Single receptor PAR1 controls opposing responses in blood vessels

Researchers at the University of California San Diego have uncovered how a single protein triggers two opposite responses in blood vessels - one inflammatory and one protective. This protein, a cell-surface receptor called protease-activated receptor-1 (PAR1), plays a critical role in maintaining the structural integrity of our blood vessels. Understanding how PAR1 switches between healing and harmful signaling pathways could pave the way for new treatments for conditions marked by vascular inflammation and leakage, including sepsis, heart attack and stroke.

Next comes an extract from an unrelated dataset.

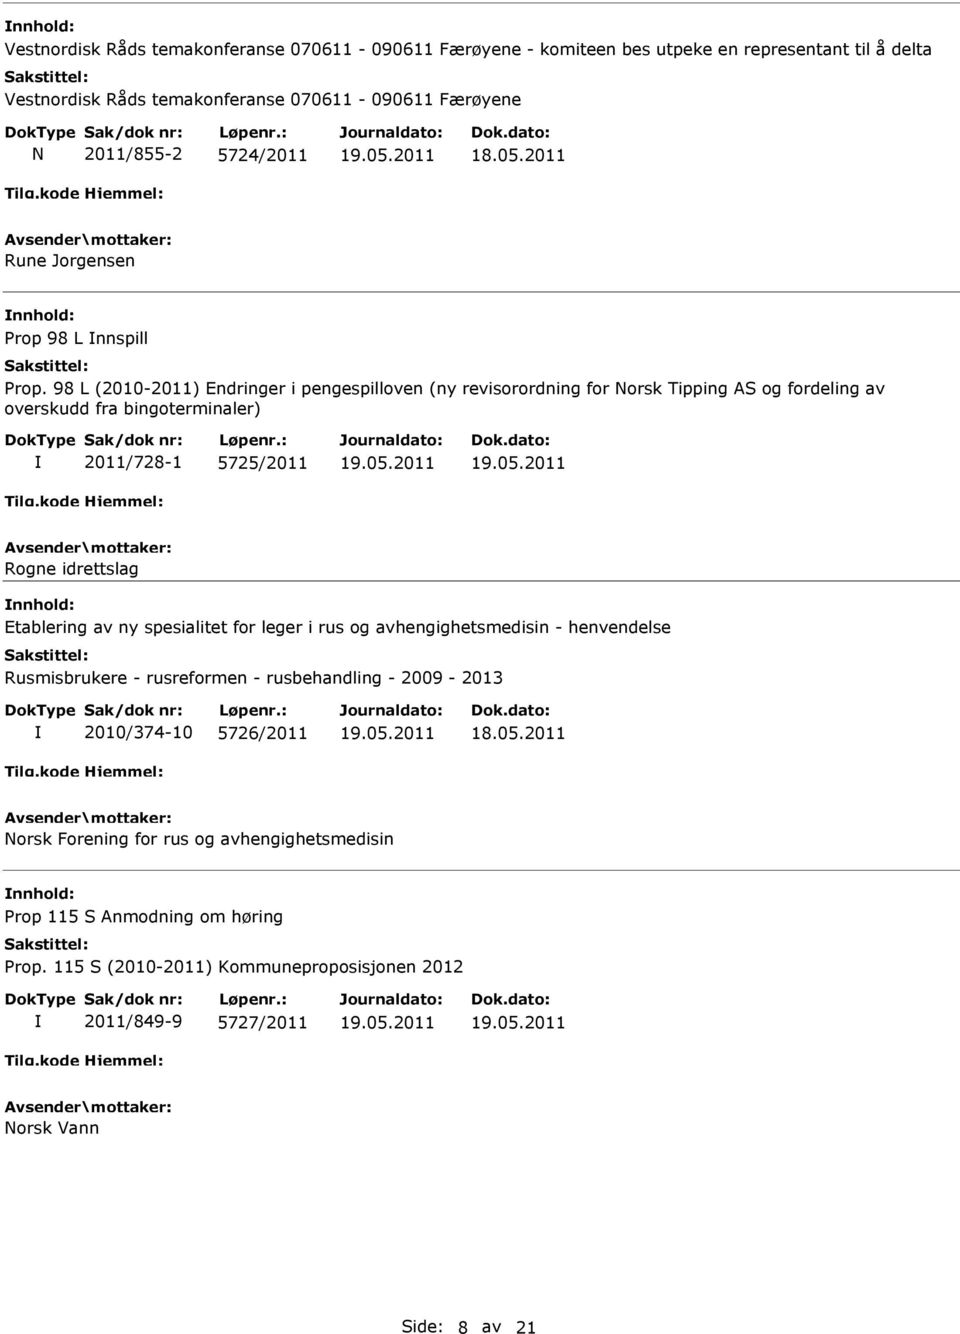 98 L (2010-2011) Endringer i pengespilloven (ny revisorordning for Norsk Tipping AS og fordeling av overskudd fra bingoterminaler) 2011/728-1 5725/2011 Rogne idrettslag Etablering
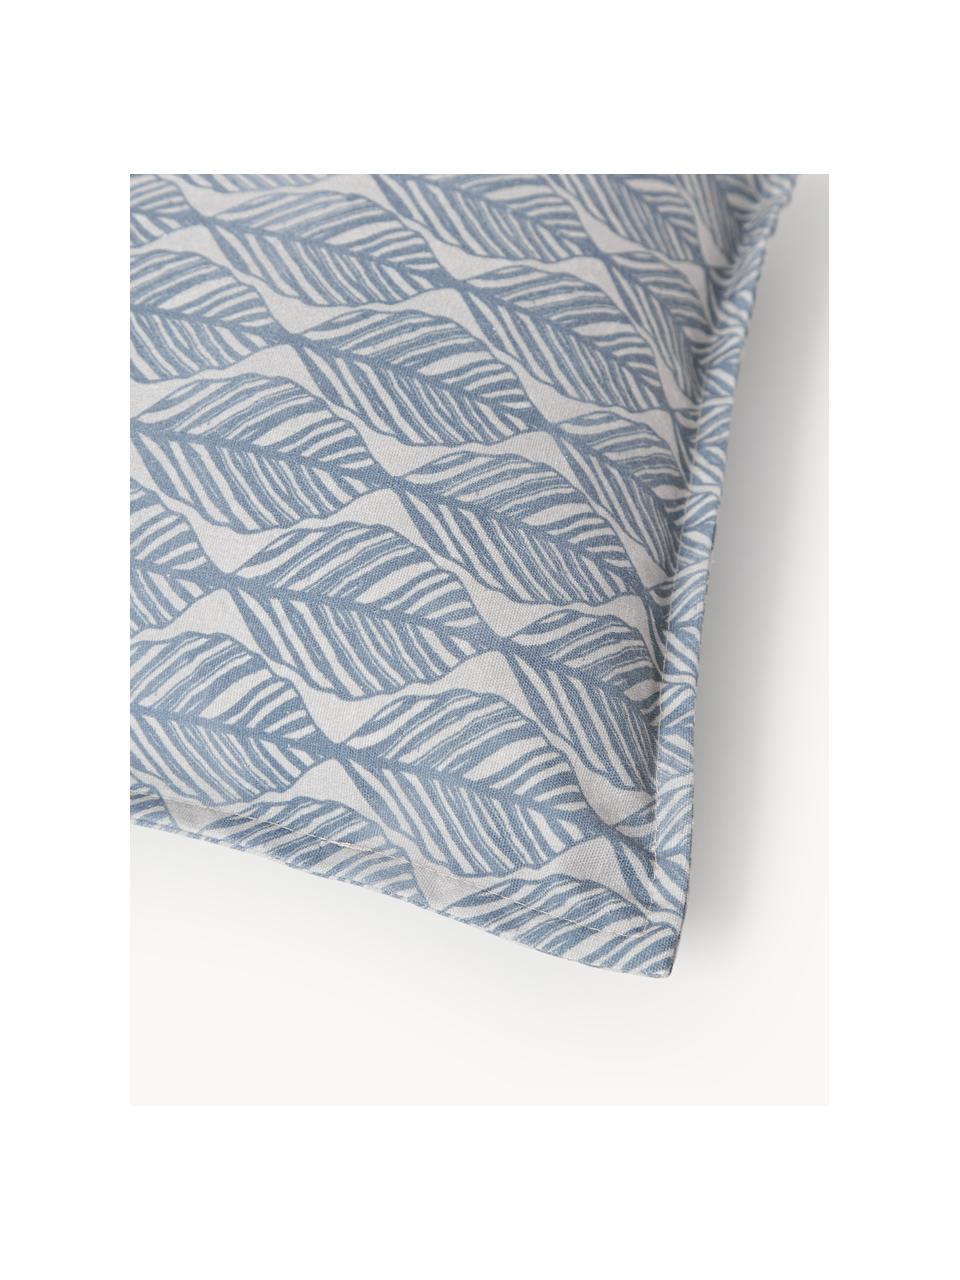 Kissenhüllen Armanda mit grafischem Muster, 2er-Set, 80 % Polyester, 20 % Baumwolle, Graublau, Hellbeige, B 45 x L 45 cm

PAR1 sits on the surface of the thin layer of cells lining blood vessels and is activated by being chemically cut by one of two enzymes. One of these pathways leads to a harmful PAR1 response that causes inflammation and leakage, while the other triggers a protective response that counteracts inflammation. Until now, scientists haven't understood how it's possible for a single molecule to be activated in two such opposing ways.

The new study found:

• Both protective and harmful PAR1 responses are orchestrated by the same intermediate enzyme, called GRK5, but the response is different depending on the location of GRK5 within cells.
• For PAR1 to trigger a protective response, GRK5 must be anchored to the cell's plasma membrane – the barrier separating the cell from its surroundings.
• For PAR1 to trigger a harmful response, GRK5 can act from within the cytoplasm – the fluid within cells.
• Models created with the Nobel-prize winning artificial intelligence (AI) modeling tool AlphaFold 3 revealed that different cuts to the outside portion of PAR1 determines how it behaves inside the cell.

Our findings provide a detailed molecular explanation for how PAR1 can send such dramatically different messages depending on the activating enzyme."

JoAnn Trejo, PhD, corresponding author, professor of pharmacology, UC San Diego School of Medicine

"This opens the door to therapies that could harness the protective response of PAR1 without potentially triggering the opposite response," added co-corresponding author Irina Kufareva, PhD, professor at the UC San Diego Skaggs School of Pharmacy and Pharmaceutical Sciences.